Biometric Navigation with Ultrasound

Abstract

We have designed and demonstrated a new class of medical navigation methods that use the fingerprint-like biometrically distinct ultrasound echo patterns produced by different locations in tissue. As an example of this new biometric navigation approach, we have constructed and tested a system that uses ultrasound data to achieve prospective motion compensation in MRI, especially for respiratory motion during interventional MRI procedures in moving organs such as the liver. The ultrasound measurements are collated with geometrical information from MRI during a training stage to form a mapping table that relates ultrasound measurements to positions. During prospective correction, the system makes frequent ultrasound measurements and uses the map to determine the corresponding position. Results in motorized linear motion phantoms and freely breathing animals indicate that the system performs well. Apparent motion is reduced by up to 97.8%, and motion artifacts are reduced or eliminated in 2D Spoiled Gradient-Echo images. The motion compensation is sufficient to permit MRI thermometry of focused ultrasound heating during respiratory-like motion, with results similar to those obtained in the absence of motion.
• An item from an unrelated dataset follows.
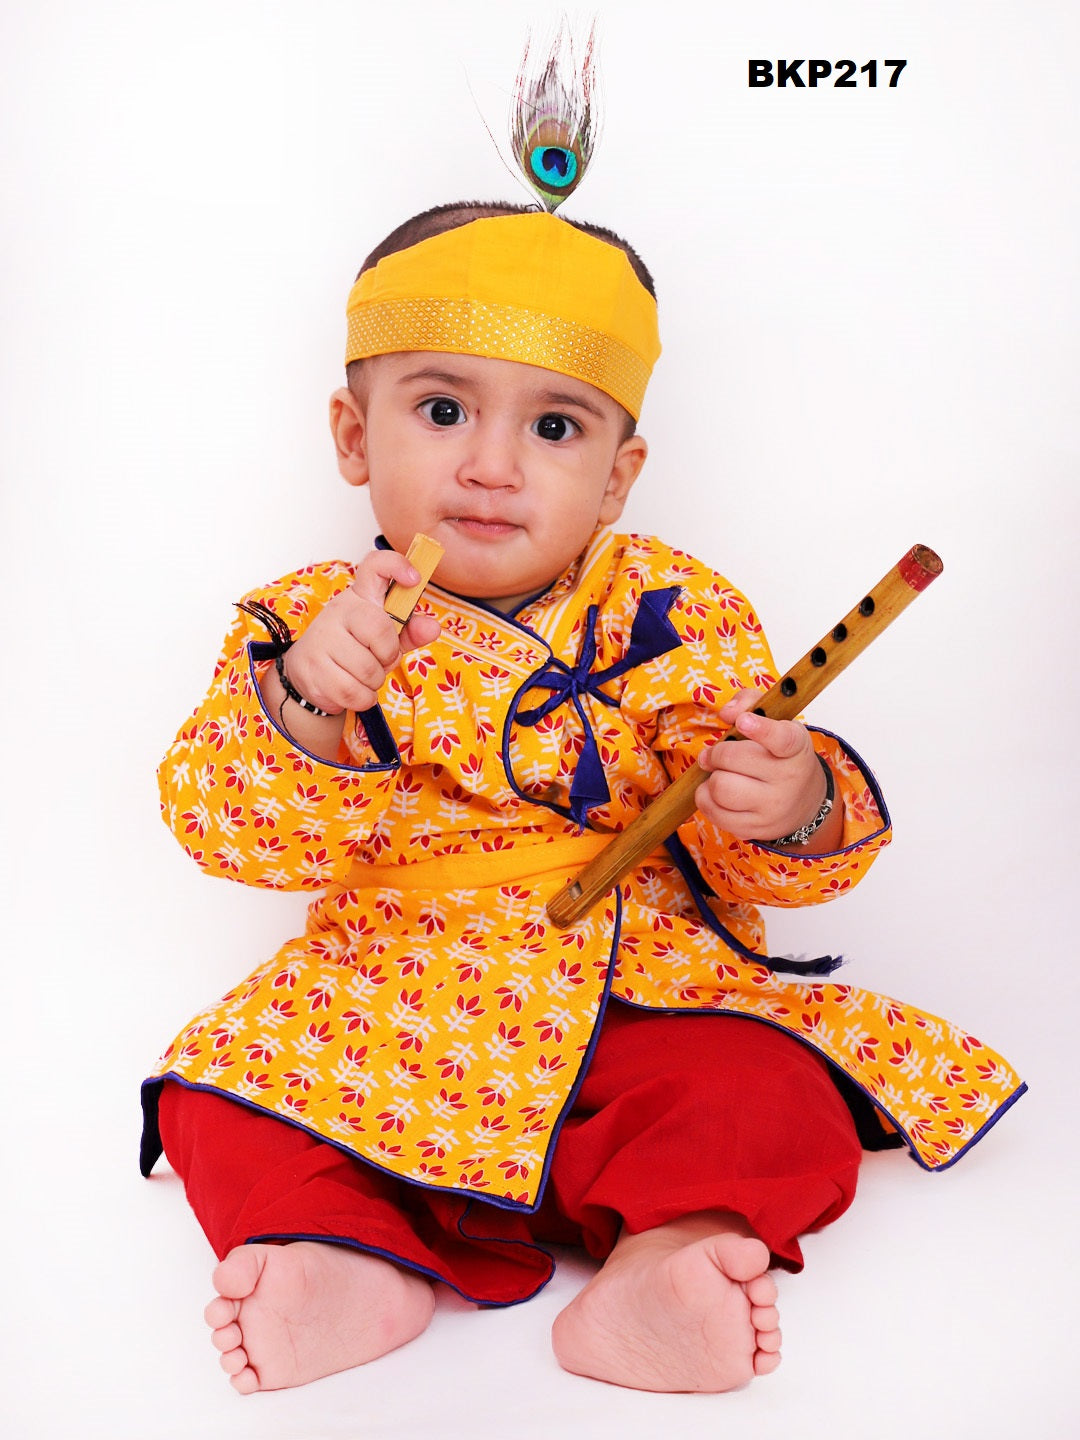 BKP217 - Yellow and red angrakha style cotton krishna costume set with accessories

This new technique may have applications for MRI thermometry and other dynamic imaging in the abdomen during free breathing. We have also extended this technique to situations in which external position information during training is unavailable or incomplete, by extending the concept of Simultaneous Localization and Mapping to include determining the topology of a dense motion path through a gaussian random field. In the course of these investigations, we have also developed modified forms of referenceless MRI thermometry and Kalman filtering, specially adapted to optimize accuracy under our experimental conditions.